A lung abscess happens often in patients who are older, where the immune system is weak and where the normal cough reflexes are modified or suppressed. A common mechanism is aspiration of stomach contents by vomiting and aspiration of part of the vomitus with all the bacteria from the pharynx, or gastrointestinal tract.
Often the first step is that aspiration pneumonia develops and out of this a lung abscess can develop. High risk persons are alcoholics at the height of a drinking bout, patients with severe neurological diseases such as MS, stroke, Alzheimers in stage 3, patients with a coma or patients during major surgery when the patient is paralyzed from a general anesthetic. The bacteria that cause a lung abscess are usually anaerobes that stem from the gastrointestinal tract or from the oral cavity or the pharynx.
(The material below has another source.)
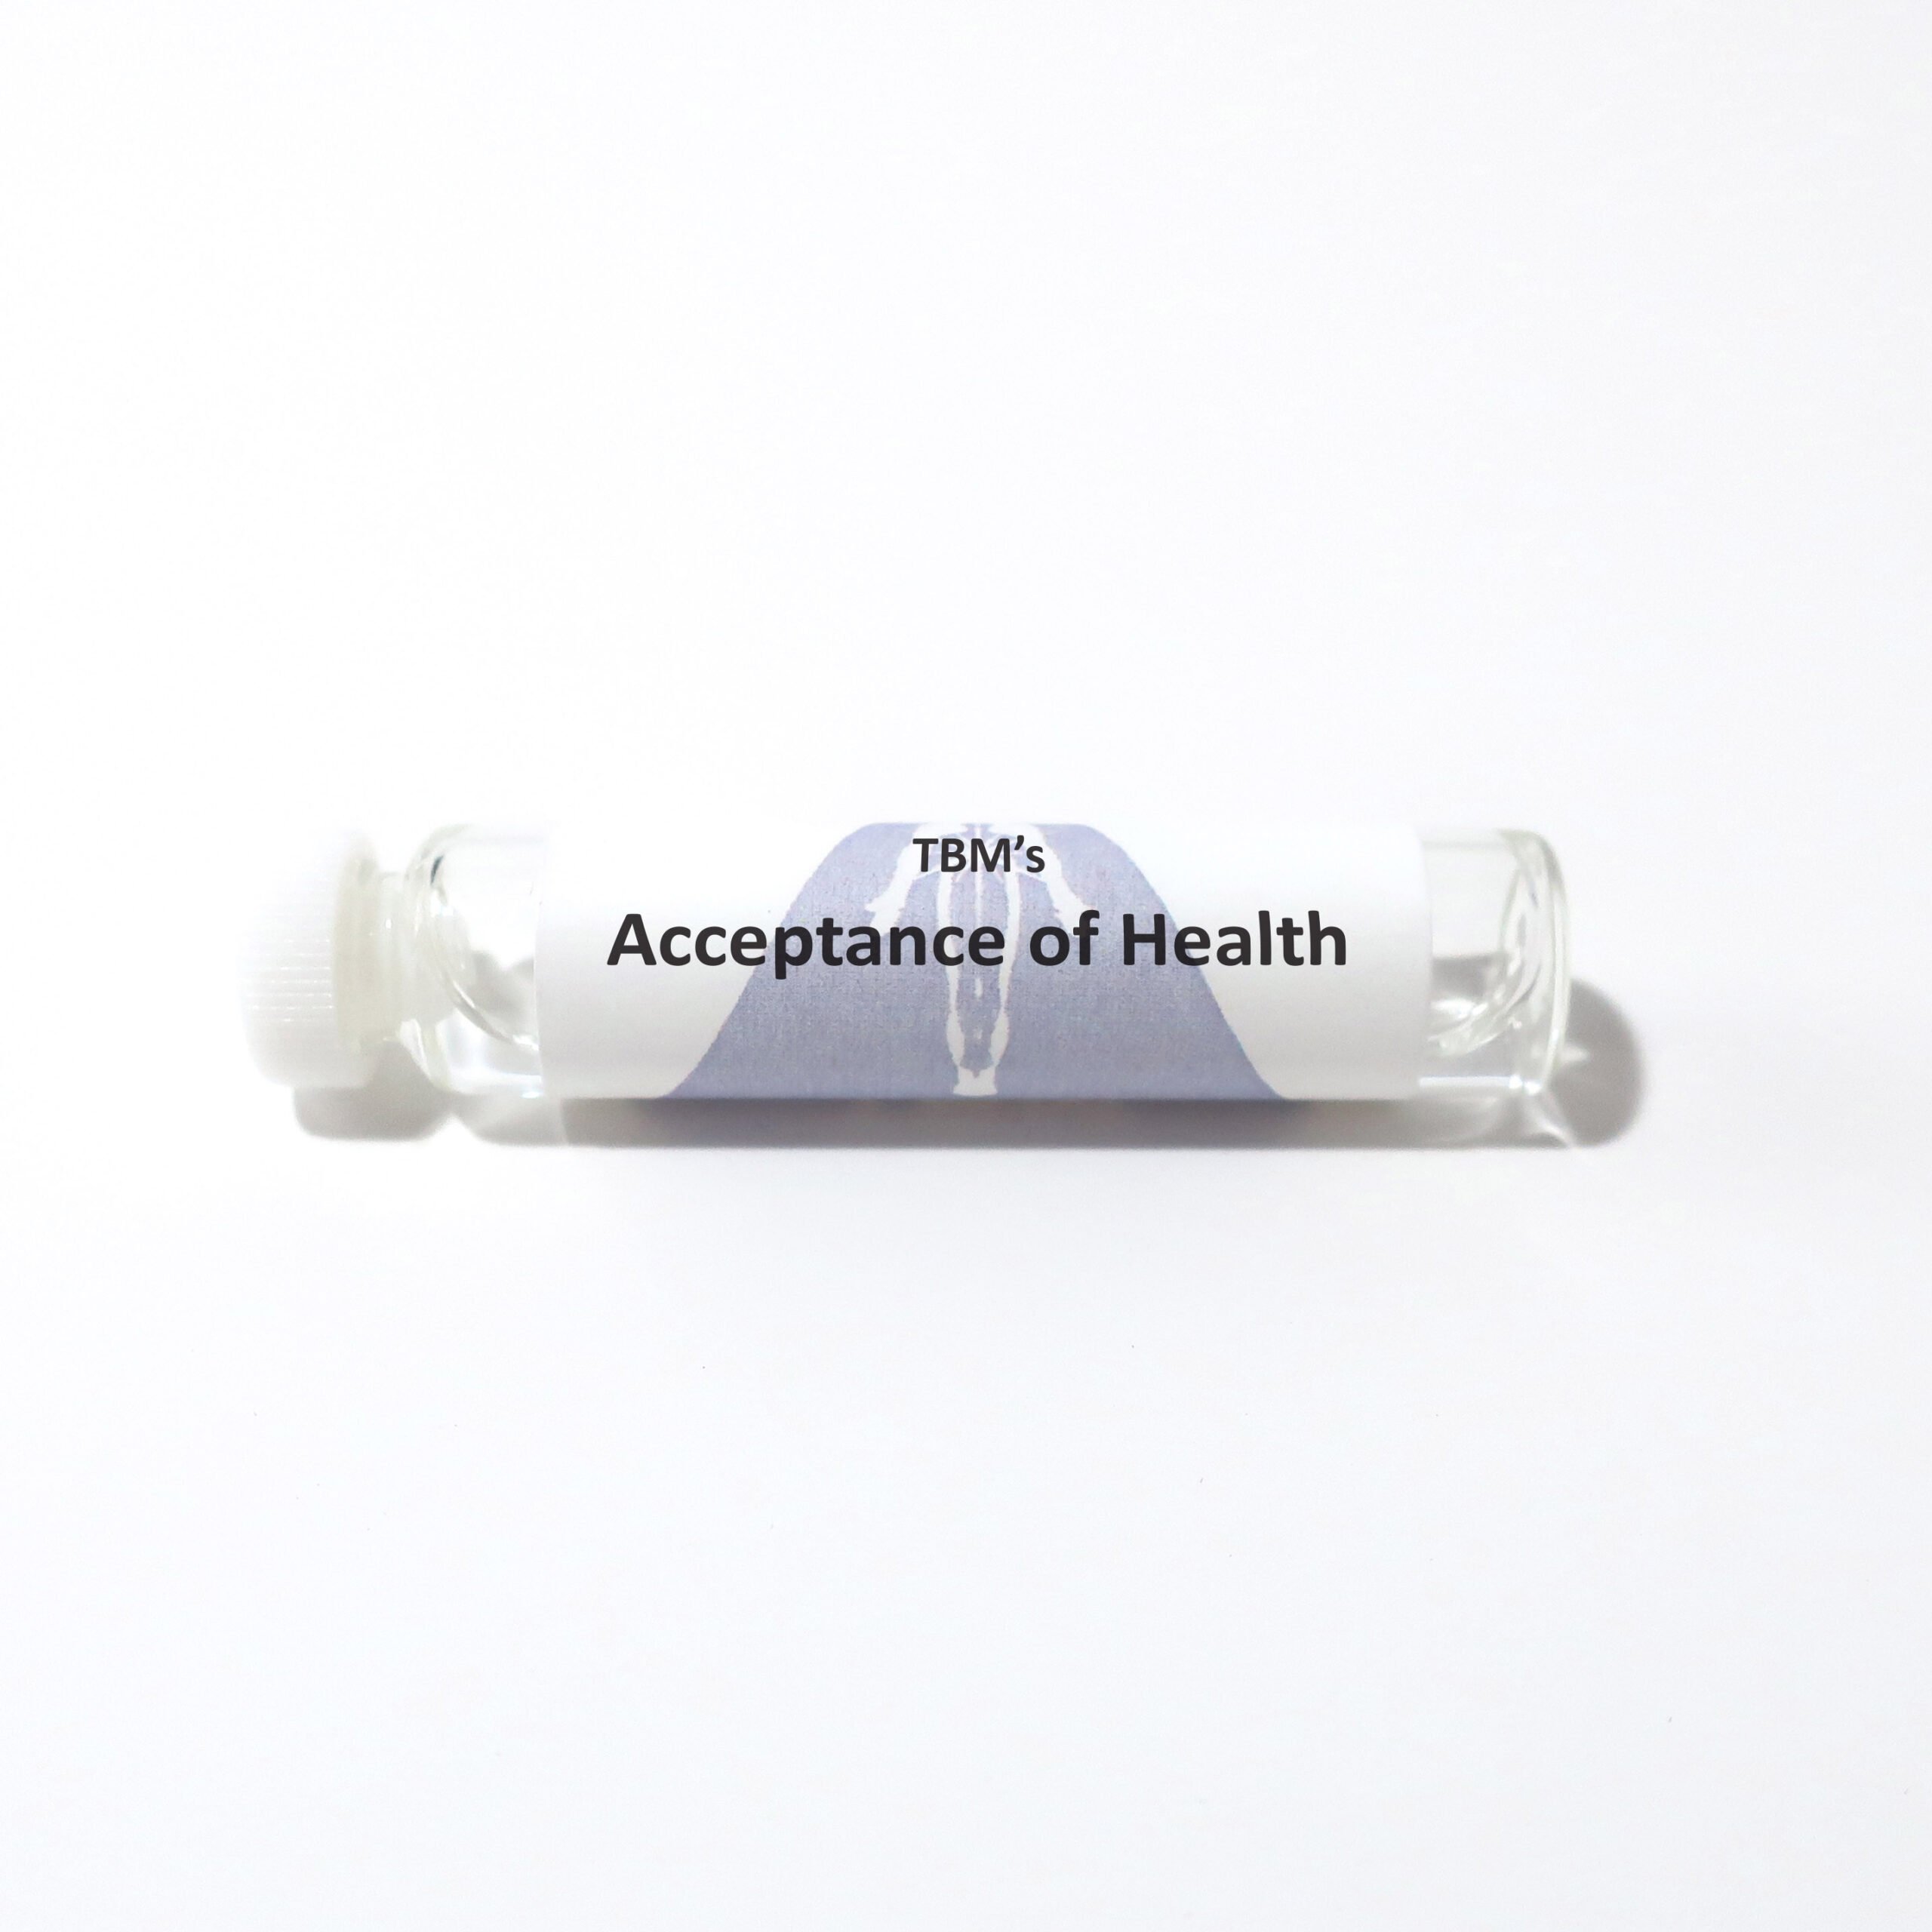 Acceptance of Health

The feared bacteria are Staphylococcus aureus, a pus bacterium that is devastating to lung tissue due to a lytic enzyme it produces. Intravenous drug users who work with contaminated needles may end up with this bacterium in the lung tissue causing a lung abscess as well.
Signs and symptoms:
The patient usually is sick for several weeks or months with a lack of appetite and the resulting weight loss. A chronic cough is usually present, but may not be so in a debilitated elderly person.
With a smaller abscess that drains well there might be only a low grade fever of 101.5°F (38.5°C). However, in a patient where the abscess is larger and some of the toxins get into the bood stream there would be a much more acute clinical picture with high temperatures of 103°F (39.5°C) or higher. Most of the time the phlegm production is copius and has a foul smell. The physician would detect certain signs such as dullness to percussion in one area of the lung with diminished breath sounds over this area using the stethoscope. In a chronic case where a lung abscess is not diagnosed for several months a thickening of the fingers, called clubbed fingers, can develop as a result of the chronic shortage of oxygen in the tissues.
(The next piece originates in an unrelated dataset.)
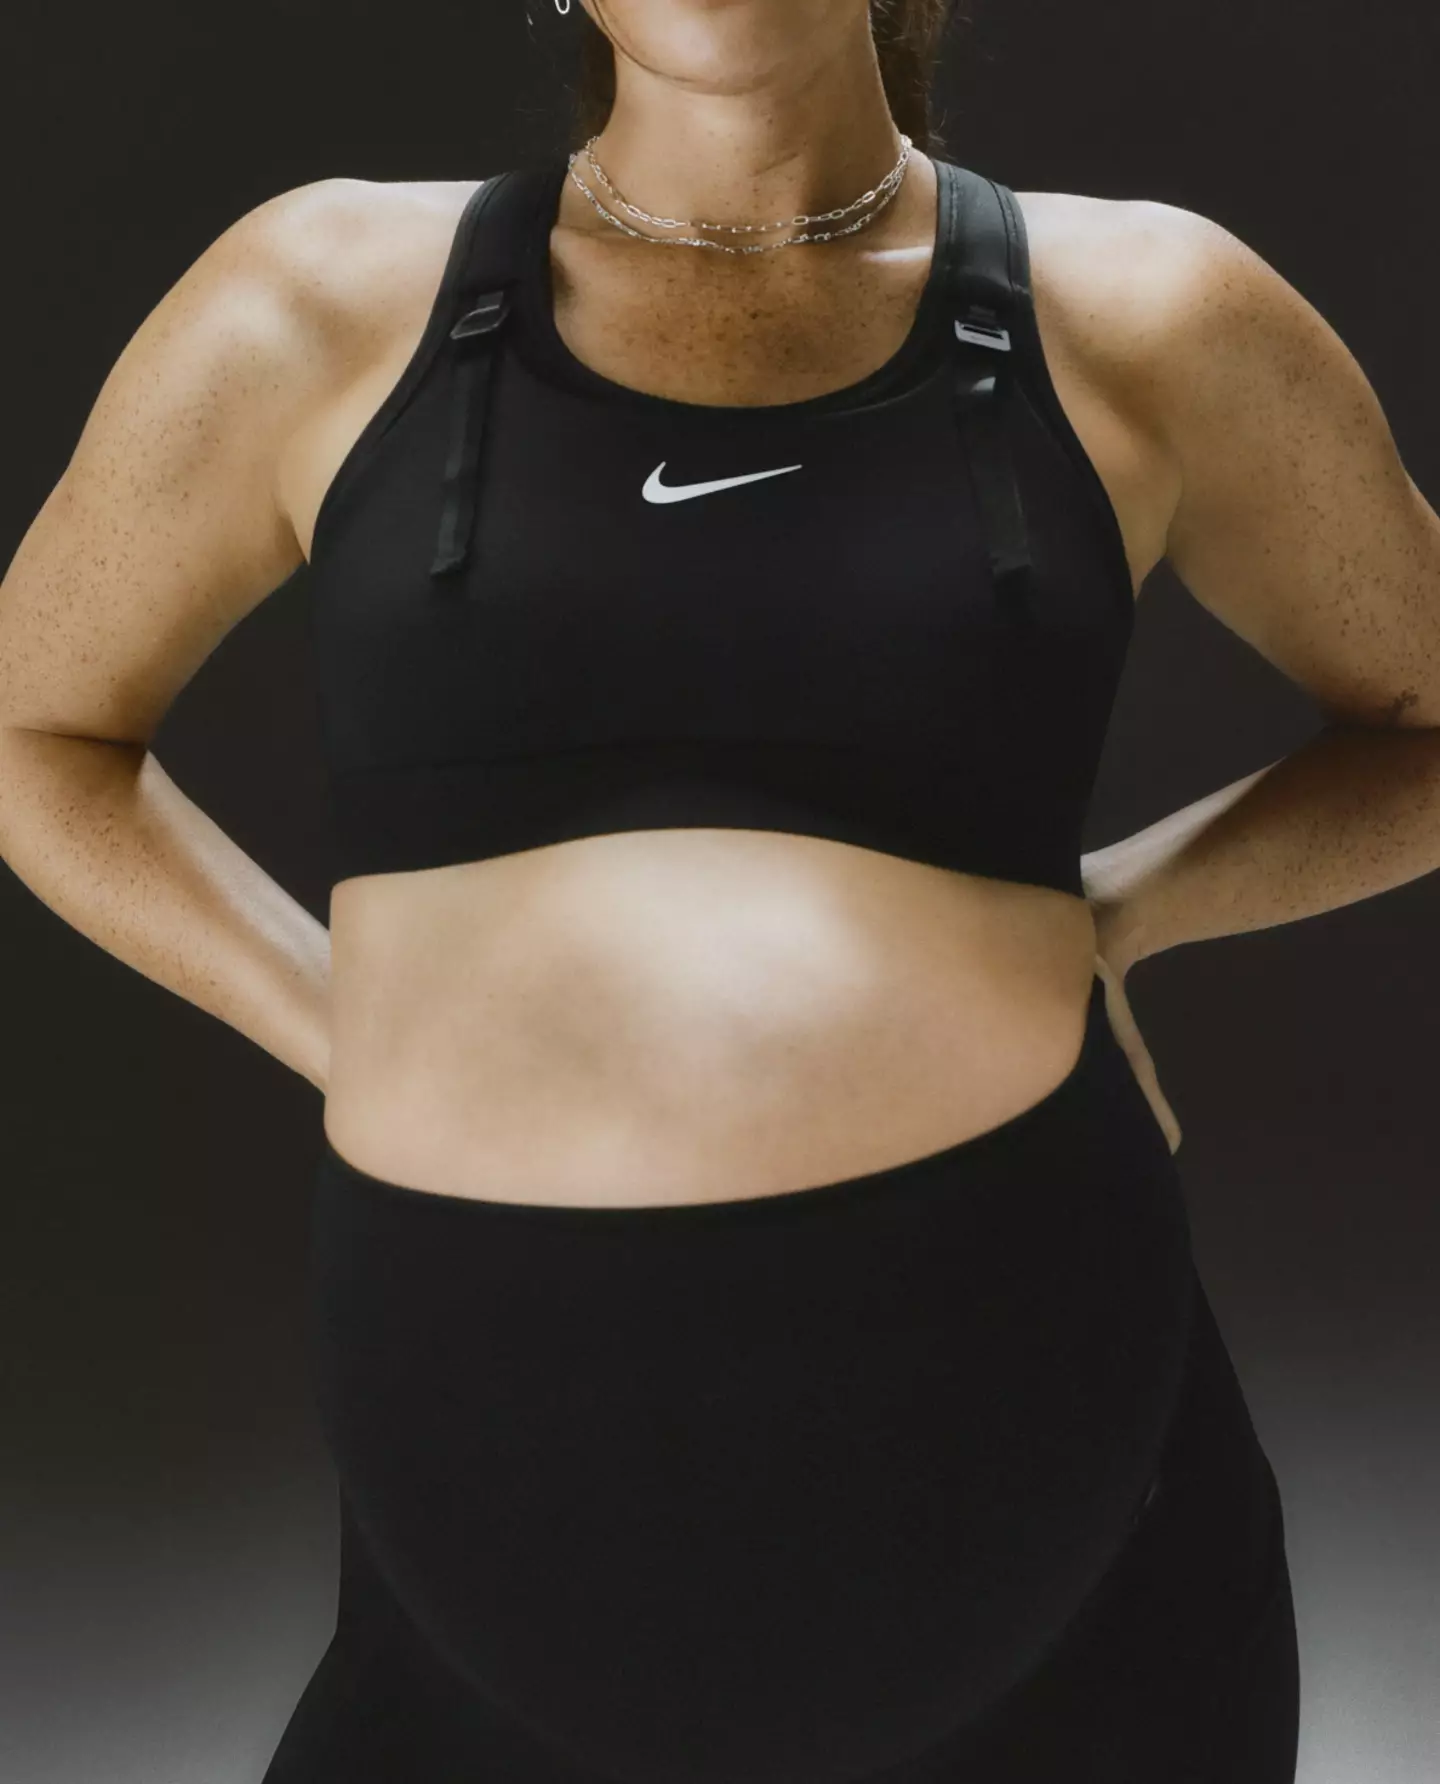 The new sportsbra from Nike has been designed with women in mind.

Treatment consists mainly in giving the appropriate antibiotic therapy. Initially this is given by the intravenous route. Later when the patient is afebrile this can be switched to oral antibiotics. However, it is important that the lung abscess is followed along with repeat imaging studies until it is resolved completely.
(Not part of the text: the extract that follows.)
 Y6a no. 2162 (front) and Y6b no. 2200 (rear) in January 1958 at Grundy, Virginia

This requires often a prolonged antibiotic therapy for 2 to 4 months! This should be done under proper supervision by a physician, preferably by a lung specialist. The choice of the antibiotic is dictated by the culture results. Often the clinician might start the patient on intravenous clindamycin intitally or a combination of penicillin G (or erythromycin) with Flagyl until the culture report is back. At that point a switch to an antibiotic that fits the culture report would be done, if necessary. The death rate of an anaerobic lung abscess is about 15%, if Staphylococcus aureus or Klebsiellae pneumoniae are involved, can be 30 to 50%. Occasionally there might be a case where the antibiotic therapy does not resolve the lung abscess because of underlying lung diseases such as a bronchictasis or an area of atelectasis that gets repeatedly infected. In this case a referral to a thoracic surgeon night be necessary to get an opinion whether surgery would help solve this problem. These cases are rare, but when done in the appropriate patient, can be helpful.